An open-label, multi-center, phase 2 study of the efficacy of denosumab in subjects with giant cell rich tumors of bone. The population will consist of subjects with the following tumor types: aneurysmal bone cysts (ABC), giant cell granuloma (GCG) and other giant cell rich lesions (primary bone, non-malignant).

This is a prospective study evaluating the activity and the safety of toremifene in patients with primary or recurrent sporadic DTs. Patients will be enrolled after the histological confirmation of DTs on biopsy Patients will start at 60 mg daily and dose-escalate to 180 mg upon progression. Disease assessment will be performed by contrast-enhanced MRI or CT scan, pain evaluation by a visual analog scale (VAS) every 3 months for the first and second year, twice yearly thereafter. Response will be evaluated either by RECIST and/or symptomatic relief.

Myoma of the uterus or uterine fibroids are benign tumors that appears in the myometrium or the muscular layer of the uterus. It is one of the most common diseases in pre-climax women, reaching 12-25% of all gynecological diseases. There is an opinion that the true prevalence of myoma is much larger and reaches up to 80%, i.e., practically every second woman has it, often without knowing about. For the treatment of MM, surgical removal of the nodes or removal of the uterus is used. In addition, GnRH-agonist therapy is practiced, as well as embolization to block blood flow in the tumor. We propose to evaluate the immunotherapy approach in an open label Phase II study in 20 women with myoma, for whom no alternative therapy is available.

The purpose of the Fibroid Registry is to provide a comprehensive database that captures patient characteristics, clinical outcomes and pot-treatment quality of life measures for patients treated for uterine fibroids. This database will serve as a platform for future comparative effectiveness and other health services research studies.

Study is intended to evaluate the one-year safety and clinical status of patients treated for symptomatic uterine fibroids with the VizAblate Intrauterine-ultrasound guided radio frequency (RF) ablation system. Particular attention will be directed to recording safety outcomes including incidence of uterine cavity synechiae. In addition, information on quality of life will be collected.
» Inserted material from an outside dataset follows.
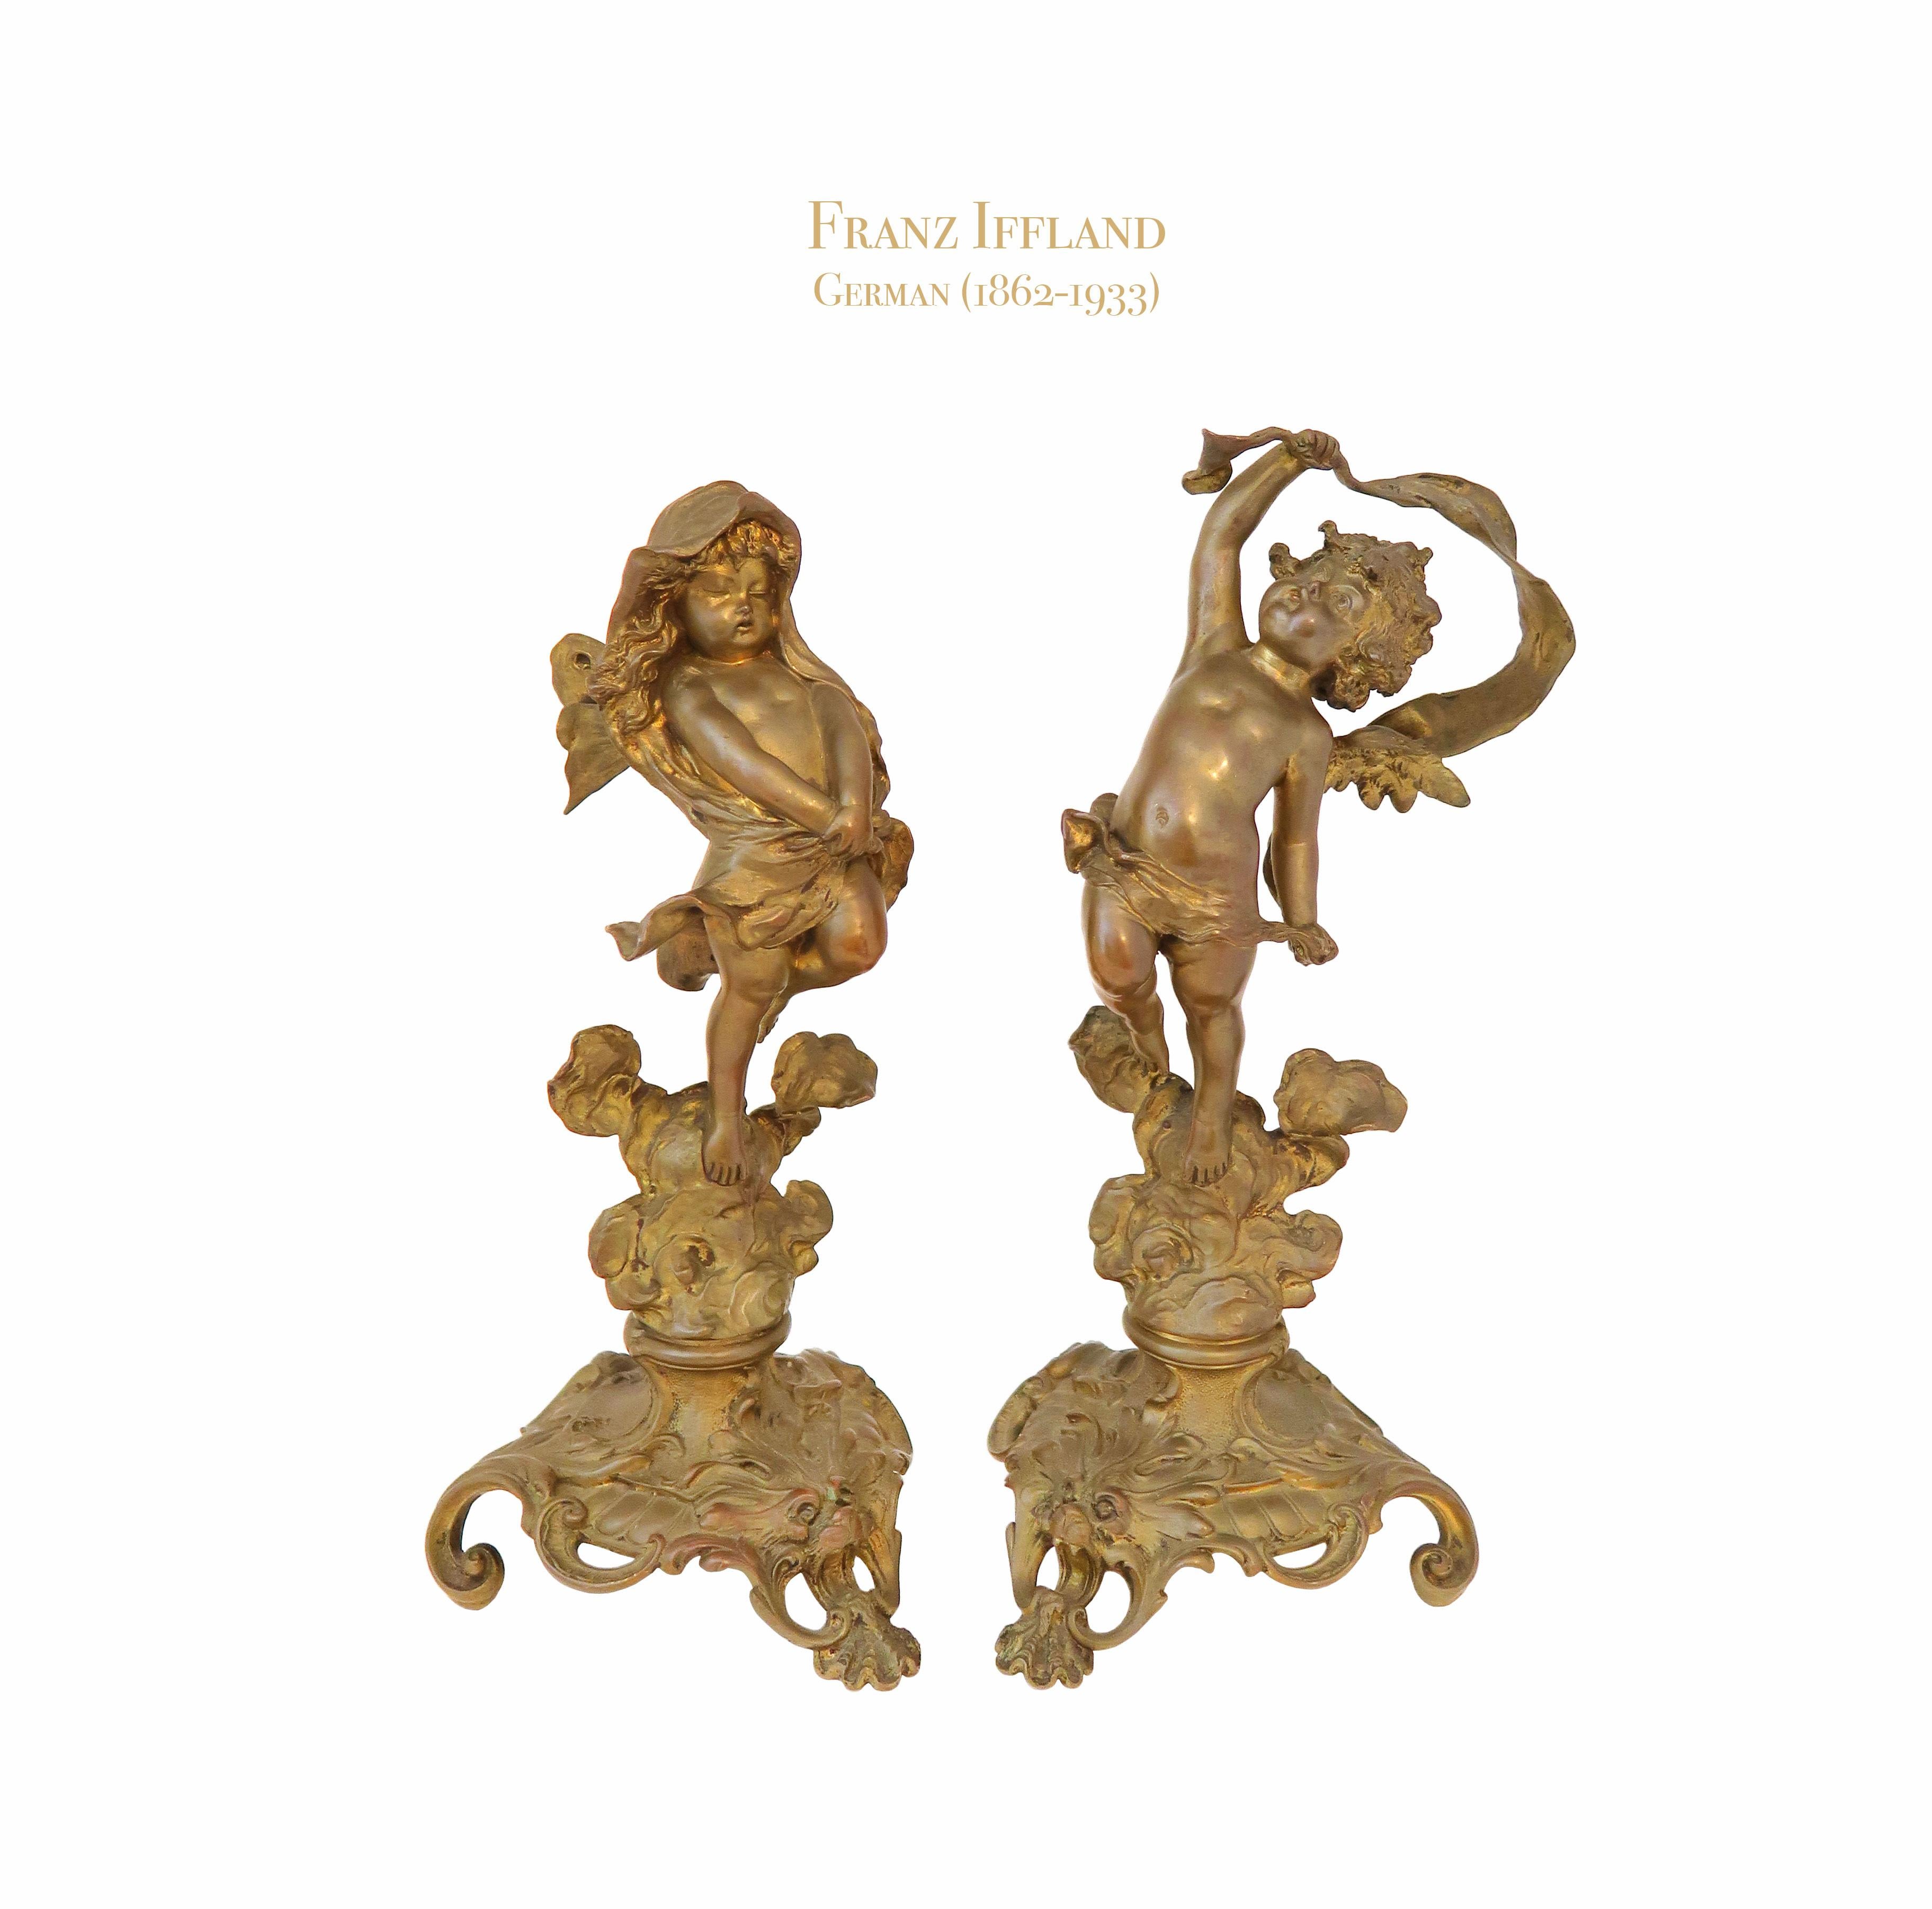 A pair of 19th C. German bronze Cupids by Franz Iffland.

Measures: 12

Overall study duration (first patient enrolled through last patient exit) will be comprised of approximately 12 months of patient enrollment up to 1 month for scheduling of treatment, and 12 months of follow-up, for a total duration of up to 25 months. Study duration for an individual patient, once enrolled, will be approximately 1 month for baseline observations and treatment scheduling, and 12 months for follow up after treatment for a total duration of approximately 13 months.

Objective: To compare the occurrence and intensity of pelvic pain as well as patient satisfaction and quality of life after total laparoscopic and laparoscopic supracervical hysterectomy. Design: Prospective randomised trial. Null hypothesis 1: There is no significant difference in occurrence and intensity of pelvic pain following TLH compared with following LSH. Null hypothesis 2: There is no significant difference in patient satisfaction and quality of life following TLH compared with following LSH.

Background: No randomised trials have been conducted, and only a single retrospective study exists comparing 3D and 2D laparoscopic hysterectomy. In that study, operative time for hysterectomy was significantly lower for 3D compared to 2D conventional laparoscopy. Complication rates were similar for the two groups. Thus, although one out of nine women is hysterectomized and although laparoscopy is one of the recommended routes of surgery, evidence whether to choose 2D laparoscopy, 3D laparoscopy is sparse. Objective: To compare pain and recurrence to usual activity level. Secondary to compare complications during the operation, postoperative complications, time to return to work, length of hospital stay and operative time. Design: Investigator-initiated, blinded, randomised controlled trial. Intervention description: Operative procedures follow the same principles and the same standard whether the surgeon's vision is 2D or 3D. Trial size Roskilde/Herlev Hospital, Denmark: 200 patients in each arm of the study.